Em contrapartida, Drummond (2012, p.143) constatou que mais de 60% da população indígena brasileira recebe benefícios sociais e previdenciários do Governo Federal e ao analisar o atual projeto político do Estado brasileiro para os povos indígenas inferiu que esse se realiza por meio de articulação interinstitucional, coordenada pela FUNAI, visando à inclusão dos povos indígenas em políticas sociais universais.

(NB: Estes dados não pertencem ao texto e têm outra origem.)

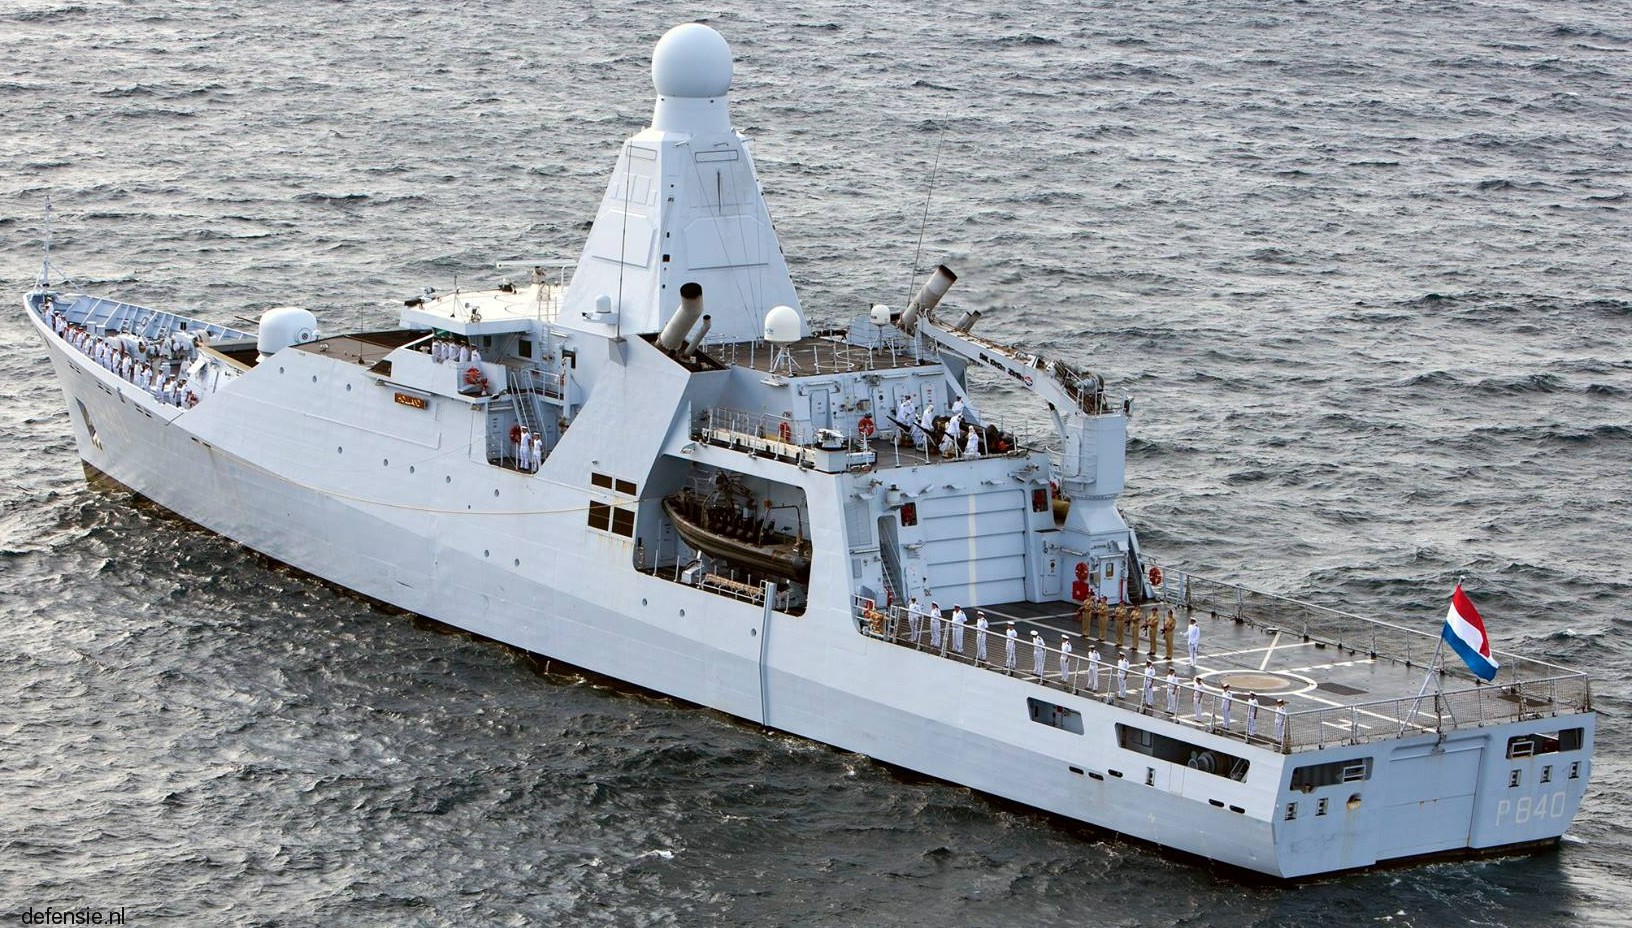 p-840 hnlms holland offshore patrol vessel opv royal netherlands navy 14

Apesar do grande contingente ainda dependente dos benefícios assistenciais estatais, é notável que os índios são capazes de avançar no comércio de recursos naturais e que almejam sua autonomia e independência. Todavia, seus anseios, sobretudo com relação a demarcação e homologação de terras, o que garantiria segurança jurídica aos negócios, encontram barreiras no Congresso Nacional, tendo em vista a quantidade de parlamentares ligados à bancada ruralista, ao agronegócio e aos consórcios de mineração e de usinas hidrelétricas.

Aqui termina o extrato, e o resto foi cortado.